WE HAVE A GREAT WELSH INTERNATIONAL
We have a great Welsh international
Known affectionately as Griff
Well when I say he’s Welsh
His parents once went to Cardiff
BERNHARD CARL "BERT" TRAUTMANN, OBE
(22 OCTOBER 1923 – 19 JULY 2013)
We have just seen the passing of a true sporting legend.
Bert Trautmann was born and bred during the toughest of times to be a german, during the inter-war years.
During the second world war he fought for three years as a paratrooper on the Eastern Front, where he was awarded five medals one of which being the Iron Cross.
But it was towards the end of the war that he was transferred to the Western Front where he was captured by the British.

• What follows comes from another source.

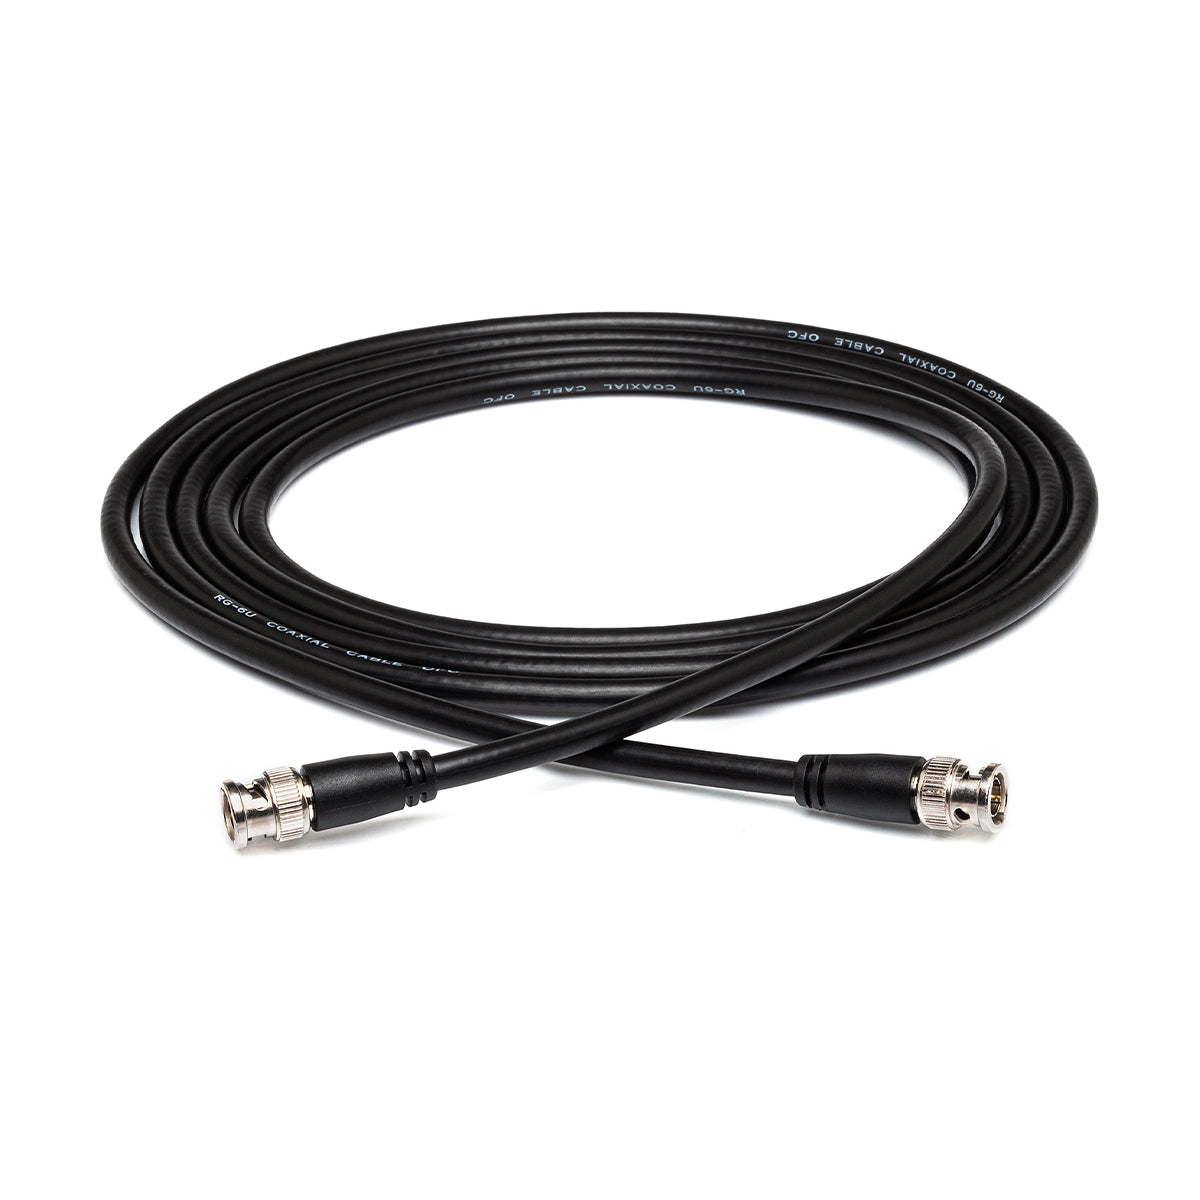 Hosa SDI PRO 75-ohm Coax Cable 3ft (BNC to BNC)

He spent his captivity in a prisoner-of-war camp in Lancashire at Ashton-in-Makerfield, where he worked on the land until his release date in 1948.

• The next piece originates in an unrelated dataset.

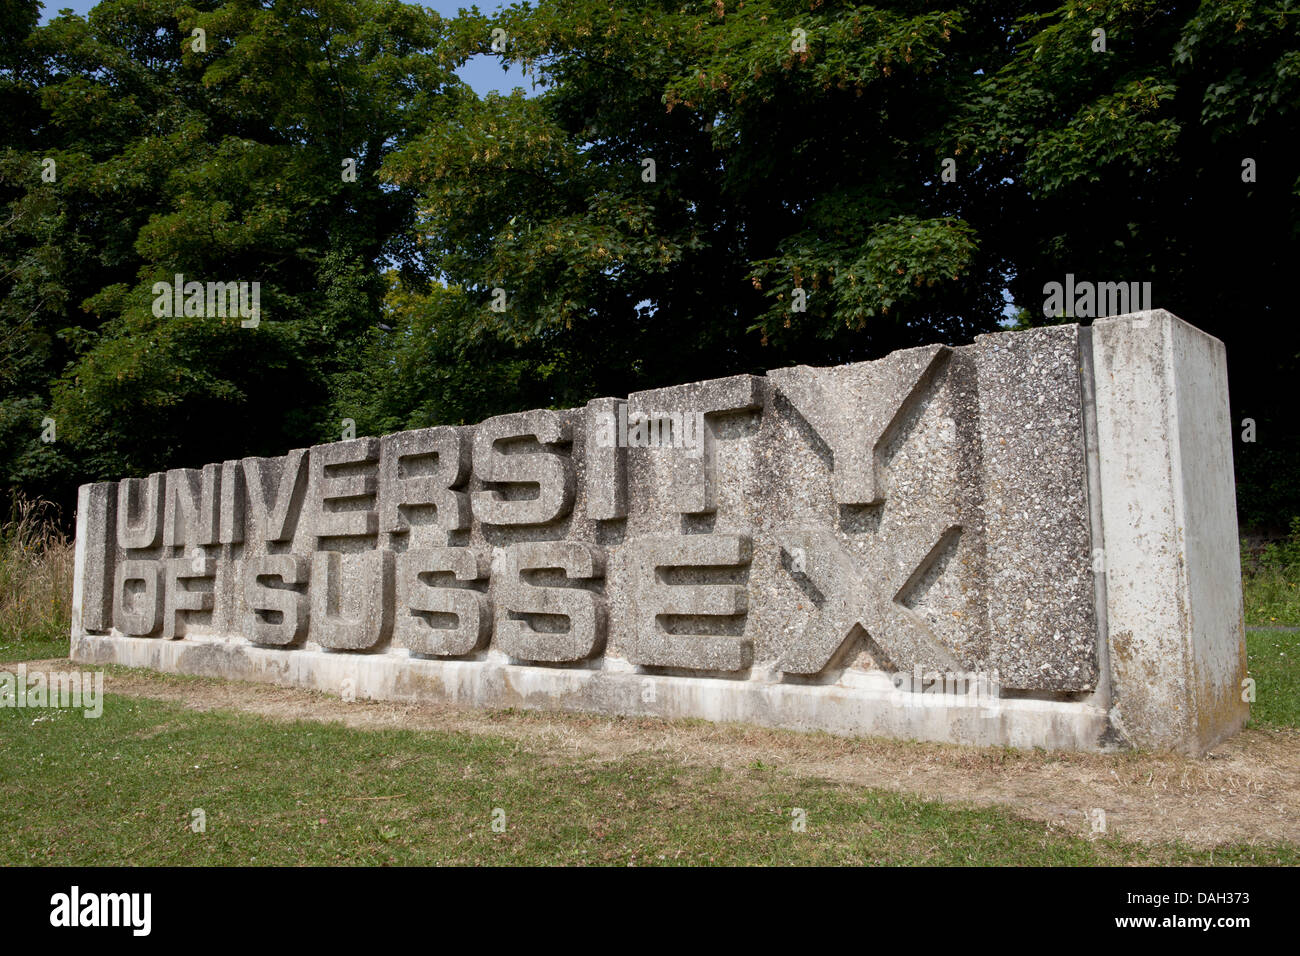 Sussex University sign Stock Photo

At that point Trautmann refused repatriation, and chose instead to settle in Lancashire continuing to work on the land as a farm labourer.
In his spare time he played as a goalkeeper for his local football team St Helens Town. Where his performances brought him to the attention of First Division side Manchester City for whom he signed in October 1949.
However in a City that suffered terribly at the hands of the Luftwaffe the club's decision to sign a former German paratrooper sparked huge protests.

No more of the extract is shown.